Leaders Can Help Members Experience Joy of Family History

Contributed By By R. Scott Lloyd, Church News staff writer

  • 23 March 2013

Elder Paul E. Koelliker named three things that priesthood leaders should focus on with regard to family history during a devotional in conjunction with RootsTech 2013 March 23.  Photo by R. Scott Lloyd.

Article Highlights

  • Elder Paul E. Koelliker spoke during a devotional to members with family history-related callings March 23 in conjunction with RootsTech 2013.
  • Priesthood leaders should help members identify and qualify their ancestors for temple ordinances, encourage the sharing of family stories, and organize stakes and wards to help more members experience the joy of family history.

Elder Paul E. Koelliker of the Seventy expressed that Church leaders’ “desire is to help faithful, temple attending members of the Church become awakened through the gifts of the Spirit to the full measure of the blessings to be found in loving and bringing their family names to the temple.”

Elder Koelliker, an Assistant Executive Director of the Family History Department, spoke March 23 during the RootsTech 2013 Family History and Technology Conference. His address was part of a specialized training session for members of ward councils, except for Young Men and Young Women leaders, who received training in a separate concurrent session.

Elder Koelliker named three things that priesthood leaders should focus on with regard to family history: (1) to help members identify and qualify their ancestors for temple ordinances, (2) to encourage the telling of stories “to touch their hearts and awaken a desire to know their family,” and (3) to organize the work of stakes and wards to open the doors for more members to experience the joy of family history.

Elder Koelliker showed a brief video documenting the experience of an elders quorum president who lacked interest in family history. His stake president assigned him to have a family history experience.

He invited the ward family history consultant, who was only 17 years old, to come present a home evening lesson to his family. She led the young children in the family in putting on costumes and re-enacting the experience of their great-great-great-grandmother who, while living on the frontier, hid while Indians raided her house.

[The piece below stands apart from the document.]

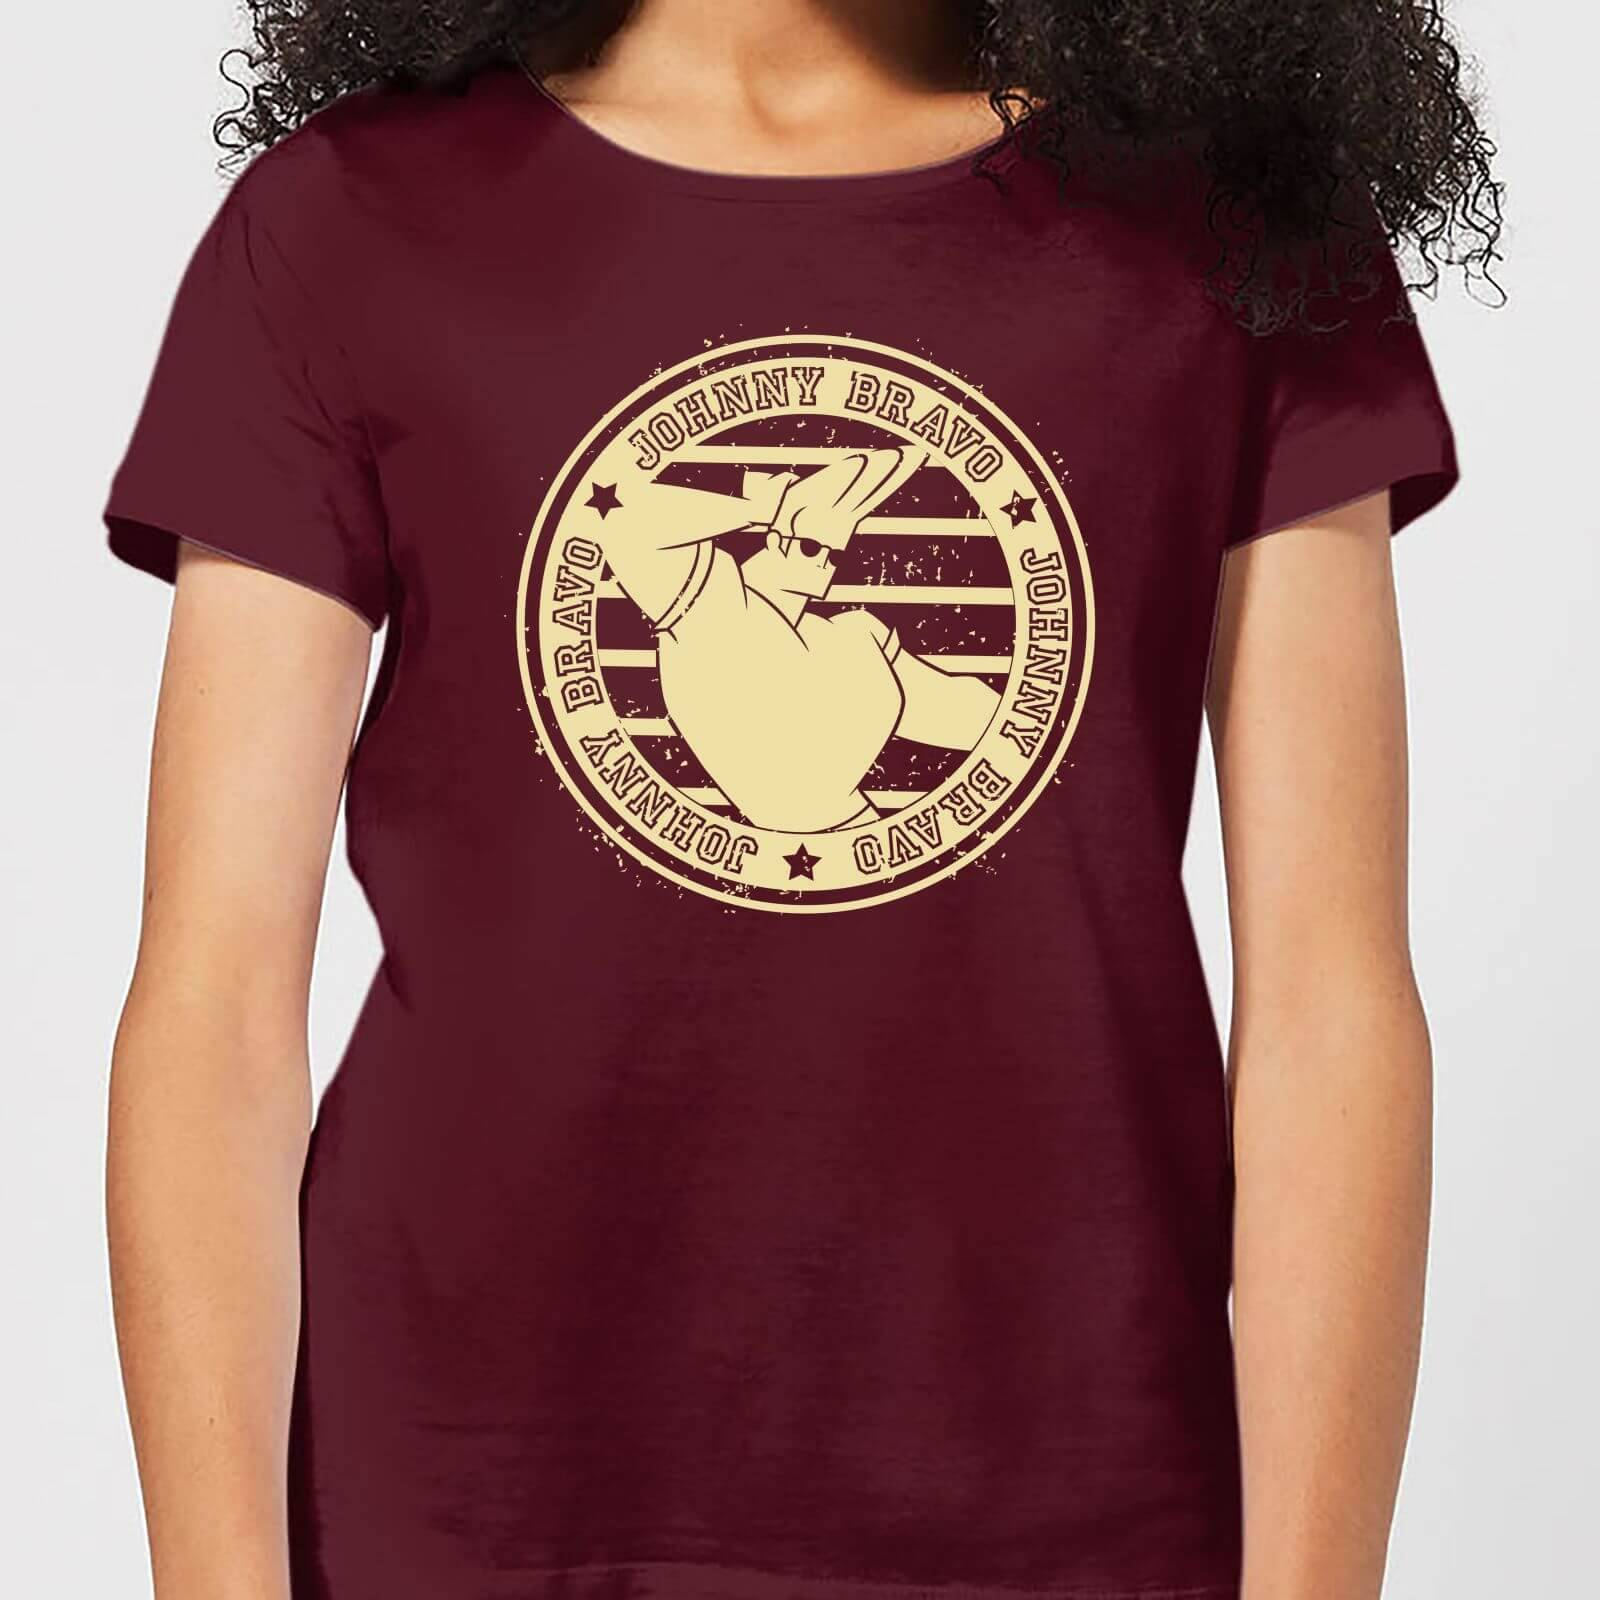 Cartoon Network Johnny Bravo Sports Badge Women's T-Shirt - Burgundy - L - Burgundy

In the video, the family history consultant reflects that to fill that role, “you don’t need someone who has been a genealogist their whole life; you just need someone who is willing to learn and is able to get people excited.”

Reflecting on the experience of having his family learn about family history, the father said, “Now I’m invested. It’s more than just curiosity. I want to take these people to the temple.”

Elder Koelliker commented, “It doesn’t matter what the age of the consultant is. What matters is that the experience turns out to be positive.”

He observed that this consultant went to their home. “They had a word of prayer together, and she could see that this wasn’t going to work in a genealogical fashion. So she went immediately to the story and engaged the children in the story.

“Did you notice what happened at the end? Who was sitting at the computer? A 9-year-old sitting on his father’s lap, counting up the ‘greats’ for his great-great-great-grandfather.

“That’s part of the turning process, brothers and sisters, of getting the hearts where they need to be.”